Planning a successful nonviolent campaign goes well beyond acts of protest. For Sharp, developing a nonviolent campaign was not unlike planning for military combat. Or as Lewis’ teacher James Lawson put it, being nonviolent is necessary, but it’s not enough. There’s a need, he said, for “fierce discipline and training and strategizing and planning and recruiting and doing the things that you need to do to have a movement. That can’t happen spontaneously, it has to be done systematically.”
Black Lives Matter NH, which is backing the July 17 protest in Concord, has a systematic approach to good trouble. “It’s the daily resistance to injustice, the commitment to our collective liberation, and the refusal to be silent in the face of systemic oppression,” the group said in a recent email message.

“Protests are great and they’re a good way to vocalize and for folks to see solidarity and collective power. But there is a moment where you have to go beyond the protests,” said Tanisha Johnson, executive director of BLM-NH, pictured at left.
Good trouble, she said, is about organizing power to disrupt harmful systems. “It’s about not being silent when we’re seeing and experiencing injustice. It’s about being risky in times where it is uncomfortable.”
For BLM-NH, that means entering spaces where they are not expected. As an example, Johnson cited the world of early education, where BLM members have started attending NH Child Care Advisory Council meetings. “No one’s in there advocating for black and brown students. No one’s in there advocating for lower socioeconomic status families. No one’s in there advocating for disabled communities or for our queer families,” Johnson said. “No one’s talking about what it looks like for a Black family to go into a daycare with all white children, and seeing posters on the wall that are all white children, books that are not diverse, teachers that don’t look like us. No one’s talking about that.” But with BLM members in the room, the silence can’t last.
“That’s a space where we’re now showing up and being loud about what’s happening and looking to do the work and research to say these things need to change,” she said. BLM-NH plans to release its own report next year on early education. It’s a way for their good trouble-making to live on.
In the days of the young John Lewis, the lunch counter sit-in was a powerful expression of good trouble, Johnson said. “That’s what was needed to get us to the next step. Now we don’t necessarily need to sit in at a lunch counter anymore, but we do need to sit in at a task force and demand that our people are acknowledged and understood.” The board room has replaced the lunch counter, she said.

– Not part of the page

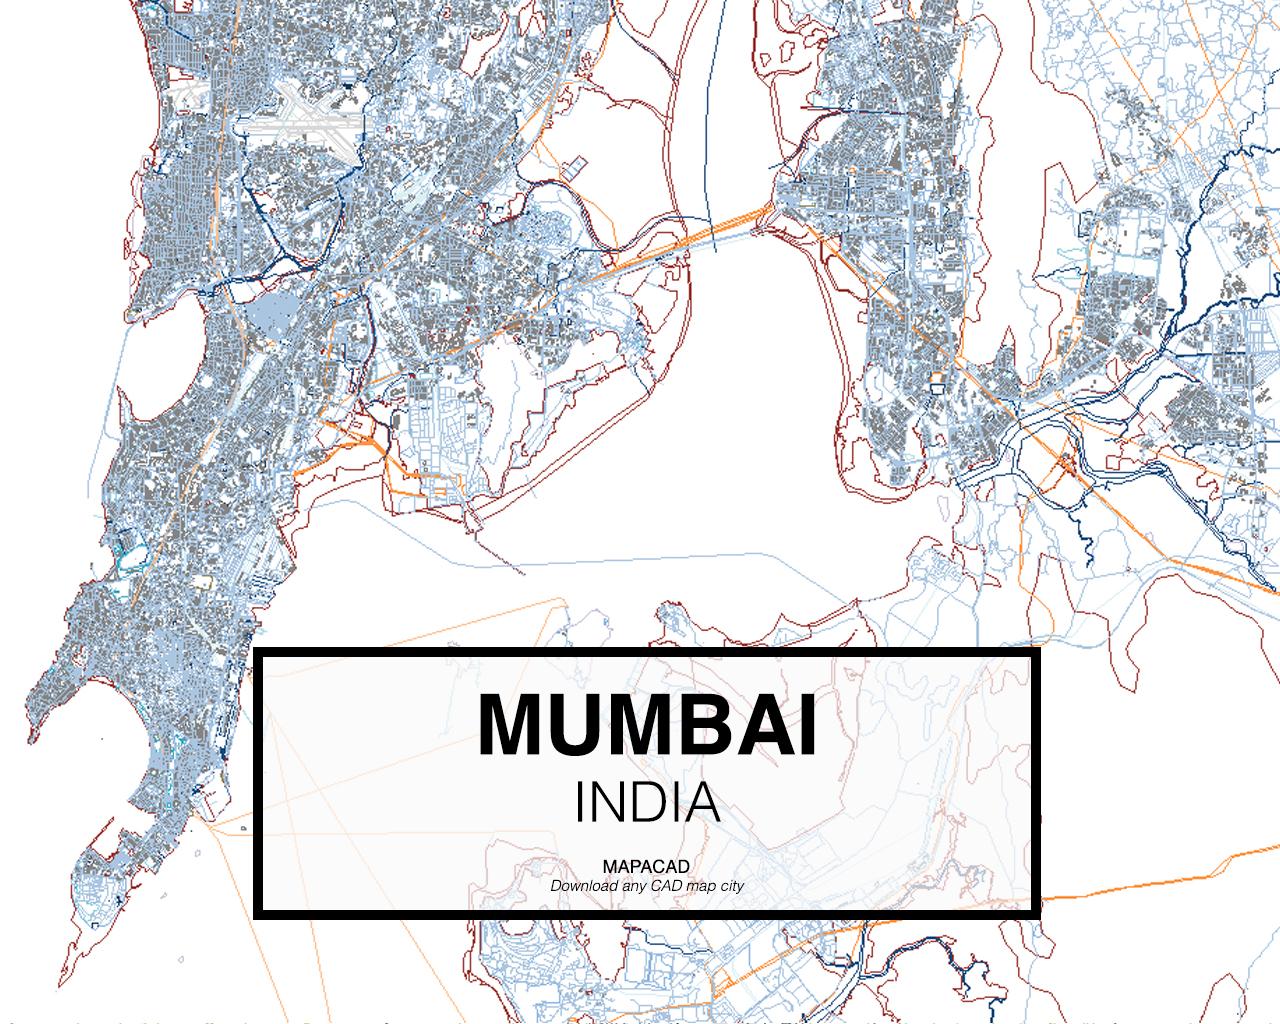 Mumbai On Map Of Asia.Download Mumbai Dwg Mapacad
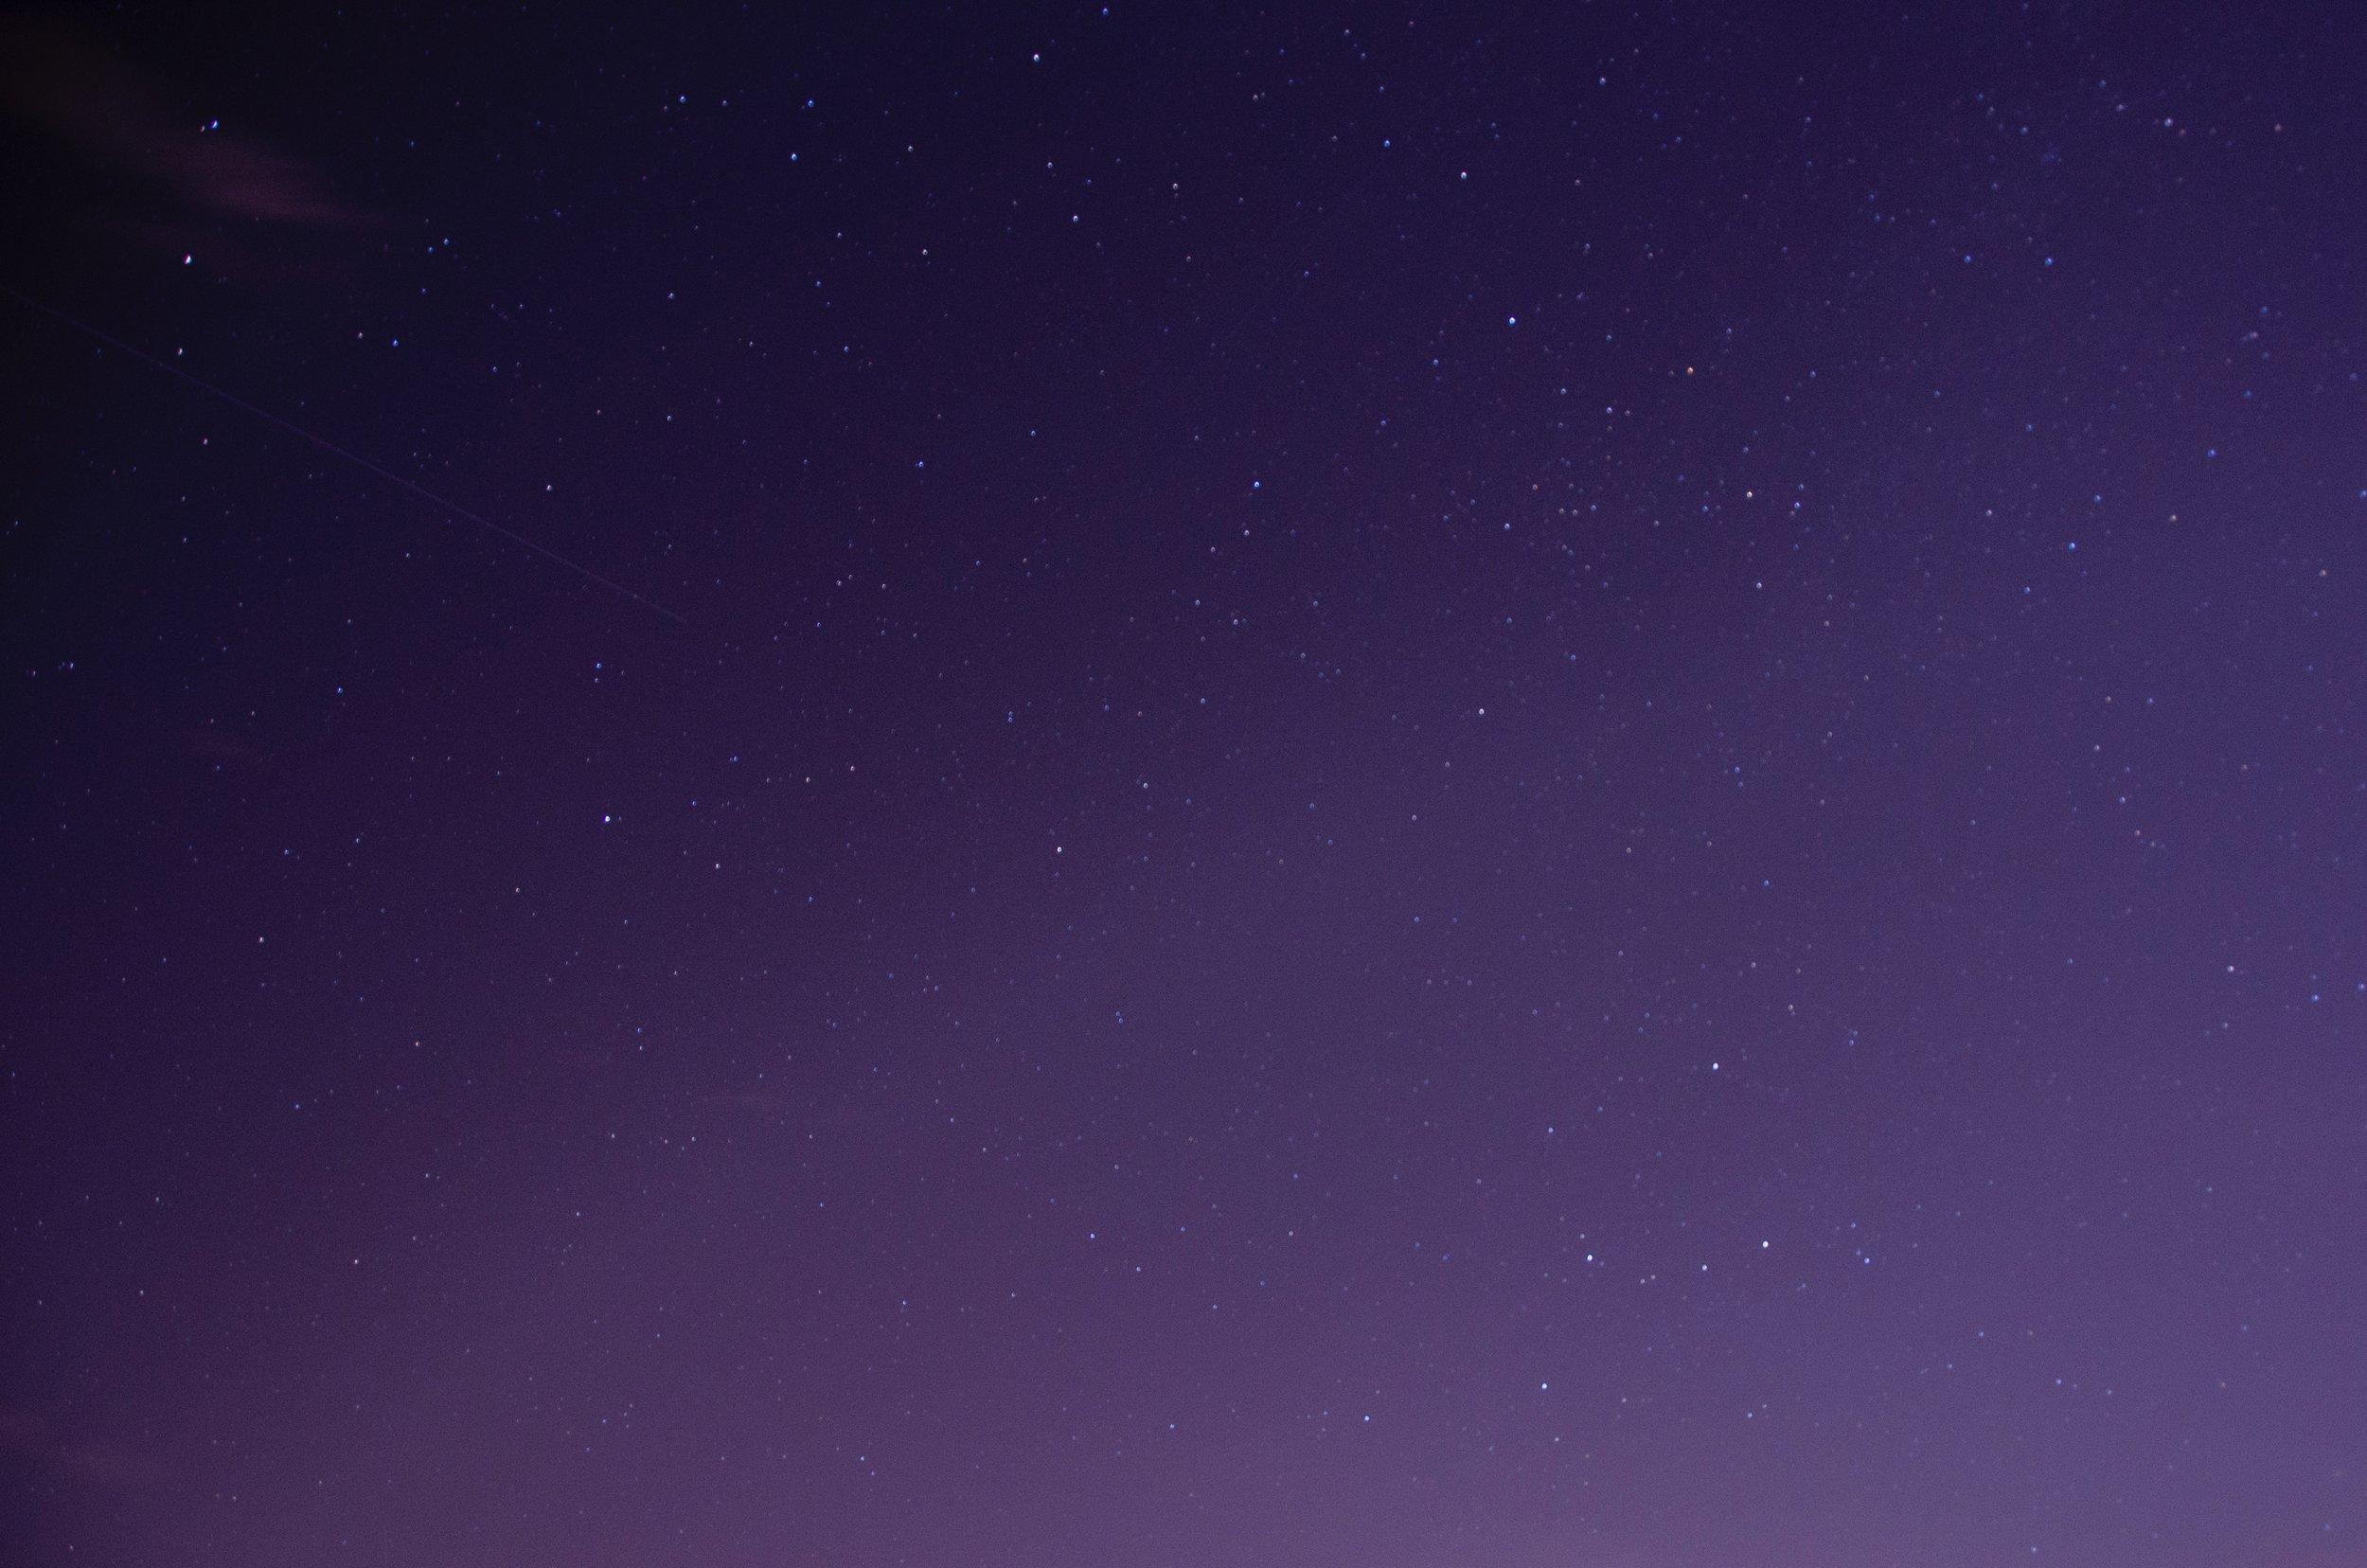 melanie-magdalena-340093-unsplash.jpg

“’Good trouble’ means that in the pursuit of justice, individuals should be willing to make necessary trouble to provoke awareness and bring about change,” says NH 50501, which will sponsor a State House rally from 2 to 6 pm on July 17. “John Lewis believed that individuals have a moral obligation to take action and do something, even in the face of adversity.”
At the July 17 protests in New Hampshire, attention will no doubt be focused on several bills which have passed the New Hampshire legislature which would create new obstacles to voting for people with disabilities and those who want to vote absentee. “Voting is hard enough in New Hampshire, and barriers to access will only lead to an increase in the number of eligible voters turned away,” said Kaylie Efstratiou of Open Democracy, which has organized previous events on the anniversary of John Lewis’ death. Her group and the NH Campaign for Voting Rights are urging New Hampshire residents to urge Gov. Kelly Ayotte to veto bills which would obstruct voting access.
Mark Engler, co-author of This is an Uprising: How Nonviolent Revolt is Shaping the Twentieth Century, was on vacation with his family in New Hampshire when I caught up with him last weekend. “The point of standing up is not just to bear moral witness or speak truth to power,” he said when I asked him about good trouble. “I mean, those things are important. And it’s important to have a morally righteous cause. But we also want to win people over. Our point is to persuade. Our point is to build strategic movements that gain greater and greater levels of popular support.”
Engler says protest movements should be polarizing, carried out in ways that prompt people to take sides against oppression, exploitation, discrimination, and “everything that’s happening with the Trump administration.” He reminded me that Dr. King’s “Letter from the Birmingham Jail” was addressed to people who claimed they were on the side of civil rights but that civil rights activists were demanding too much too quickly, in short, that they were trouble-makers. But the real trouble was racism, King said, and the movement’s acts of civil disobedience and disruption were shedding light on it so that it would be “seen and dealt with.”
Rev. Gail Kinney often shows up in public wearing a cap that says, “Good Trouble.” Kinney said she heard John Lewis speak a number of times and that for him, good trouble was “always grounded in the quest for justice.”
“Good trouble is not just about stirring things up for the sake of stirring things up, or stirring things up just to antagonize somebody who thinks differently, but good trouble is necessary in order to right wrongs, to bring attention to injustices so that they can be challenged and changed,” she explained.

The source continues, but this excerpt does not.